- Bronwell circa 1962

9th President of the Worcester Polytechnic Institute
- In office February 1955 – January 1962
- Preceded by: Alvin E. Cormeny
- Succeeded by: Harry P. Storke

Personal details
- Born: Arthur Brough Bronwell August 18, 1909 Chicago, Illinois, US
- Died: May 10, 1985 (aged 75) Willimantic, Connecticut, US
- Education: Illinois Institute of Technology (BS, MS) Northwestern University (MBA)
- Fields: Electrical engineering Engineering education
- Institutions: Northwestern University Worcester Polytechnic Institute University of Connecticut

= Arthur Bronwell =

American college president

Arthur Brough Bronwell (August 18, 1909 – May 10, 1985) was an American professor of electrical engineering who served as president of Worcester Polytechnic Institute (1955–1962) and dean of the University of Connecticut School of Engineering (1962–1970). A building on UConn's campus was named in his honor.
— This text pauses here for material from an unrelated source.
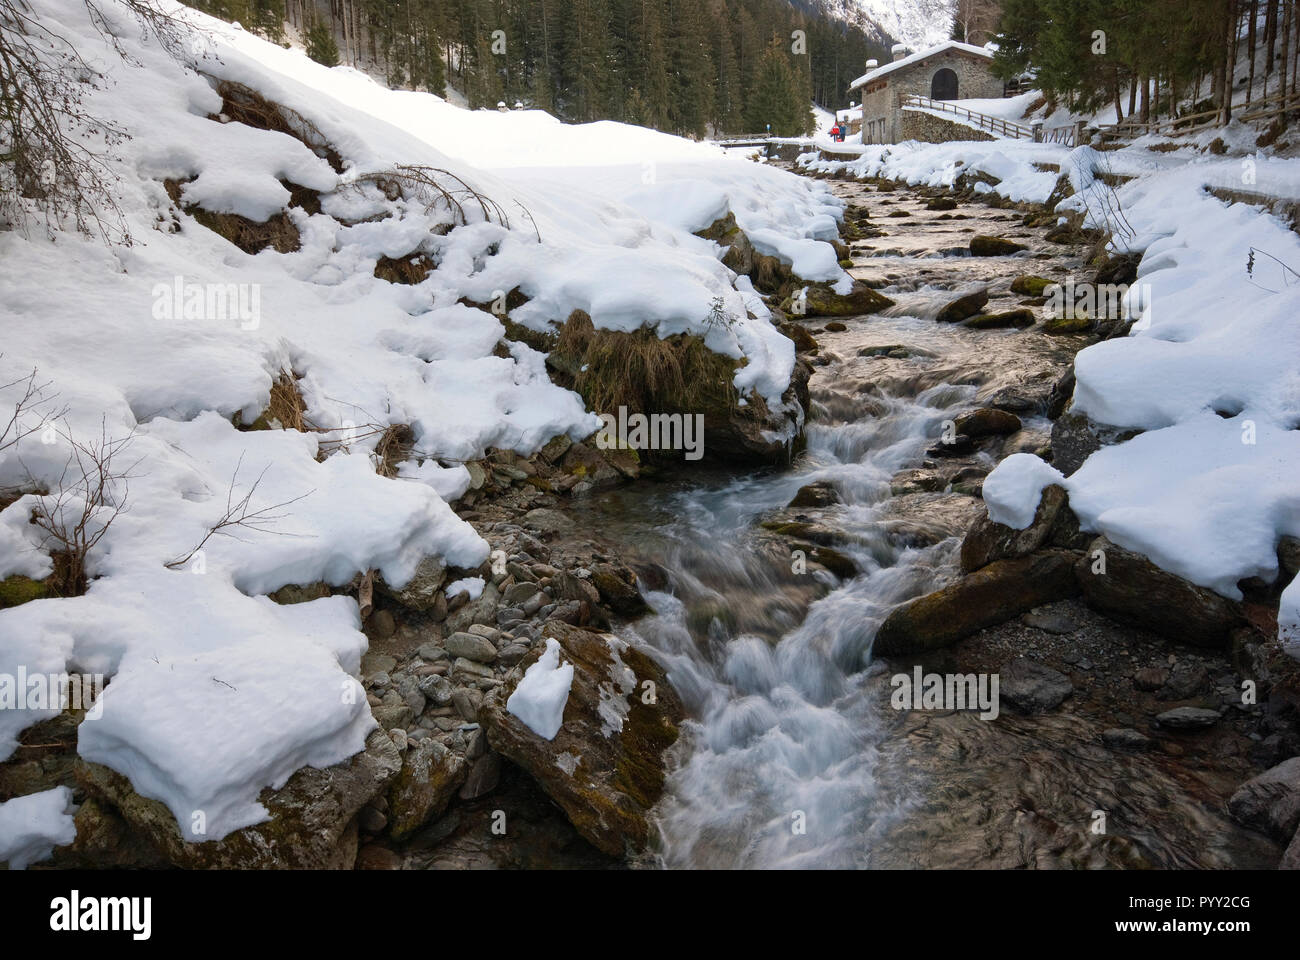 Winter scenery of Val Brandet in Valli di Sant'Antonio (Saint Anthony Valleys), Orobie Alps, Lombardy, Italy Stock Photo

== Early life and career ==
Bronwell was born in Chicago on August 18, 1909. He received his BS degree in 1933 and his MS degree in 1936 from the Illinois Institute of Technology. Bronwell joined the faculty of Northwestern University in 1937 and became a full Professor of Electrical Engineering in 1947. From 1947 through 1954, he served as part-time executive secretary of the American Society for Engineering Education. During his tenure, ASEE's membership rolls increased from fewer than 4,000 to almost 7,000 members by 1951. In his capacity as executive secretary, he also served as editor of the society's journal, Journal of Engineering Education.
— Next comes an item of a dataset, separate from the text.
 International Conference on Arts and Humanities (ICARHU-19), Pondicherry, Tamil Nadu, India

During World War II, Bronwell trained Army Signal Corps cadets on radar and acoustic location at Northwestern and oversaw a wartime research project to develop the B-29 bomber's radar system. He served on a joint US Army-State Department postwar mission to Japan on technological recovery. He also worked on special projects for Bell Labs and consulted for Motorola. In 1947, Bronwell invented what he termed the Chromoscope, a viewing tube for color TV; however, his invention never scaled to production.

While teaching at Northwestern University, Bronwell earned a Master of Business Administration from Northwestern in 1947. He also received an honorary Doctorate of Laws from Northeastern University and an honorary Doctorate of Engineering from Wayne State University.
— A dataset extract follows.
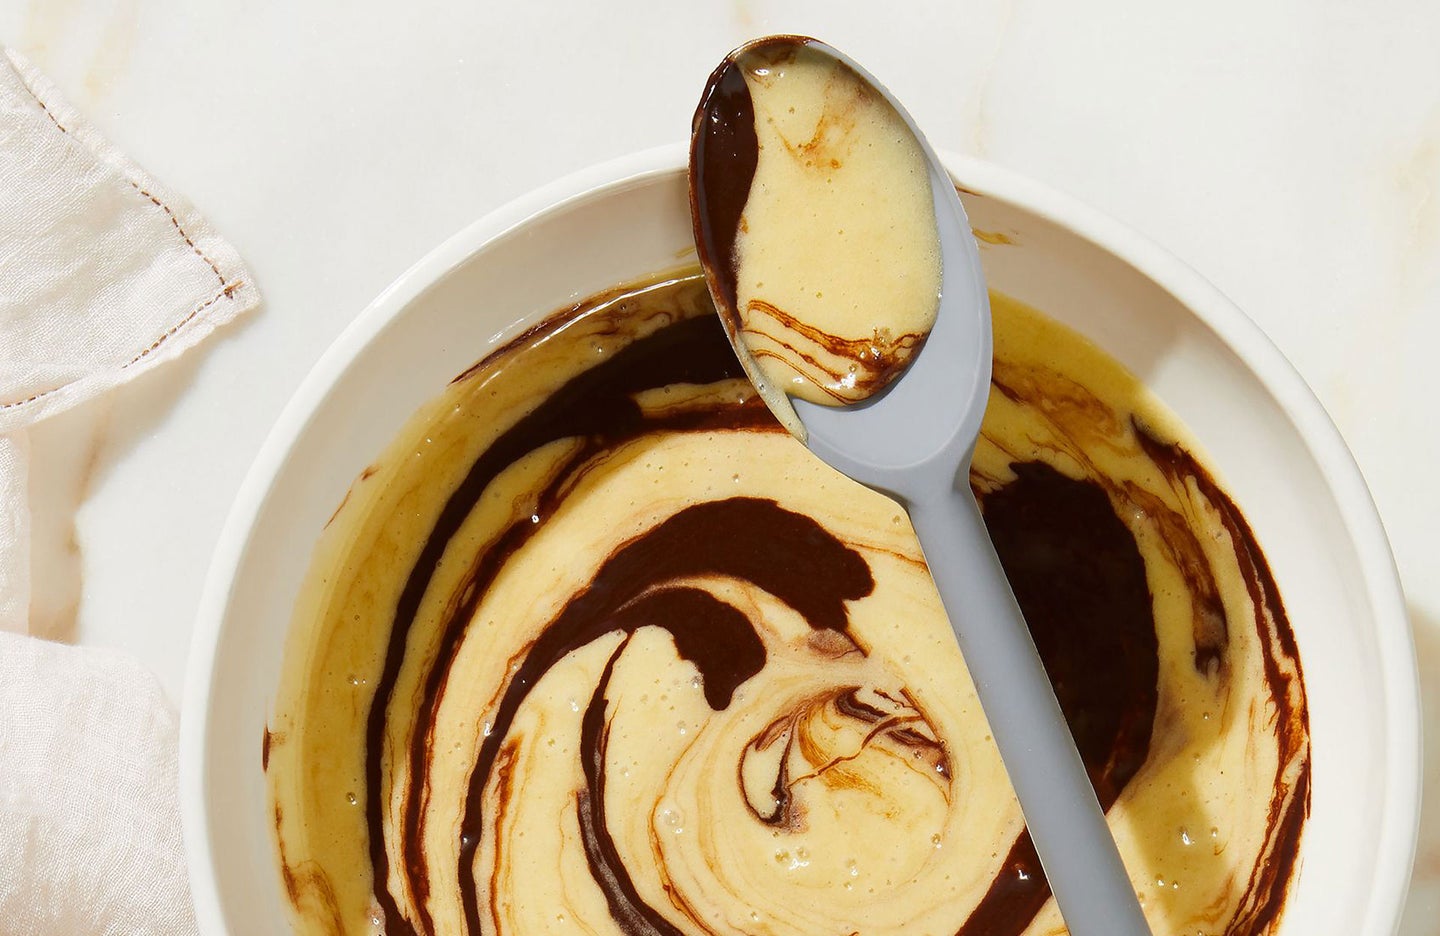 Vanilla and chocolate cake batter swirled together

== Worcester Polytechnic Institute ==
Bronwell was selected as the ninth president of Worcester Polytechnic Institute in fall 1954 and took office in February 1955. During his presidency, the number of faculty nearly doubled and enrollment grew from 800 to 1,200 students. The Alumni Gymnasium and the Morgan, Kaven, and Olin Halls were constructed and scientific laboratories renovated under his leadership. In addition, Bronwell diversified WPI's curriculum, adding more humanities and social sciences courses to round out the scientific curriculum. His capital campaign raised $5 million from donors in five years. He served on the National Science Foundation's advisory committee. His presidency marked the beginning of a transition for WPI from a provincial to a national university.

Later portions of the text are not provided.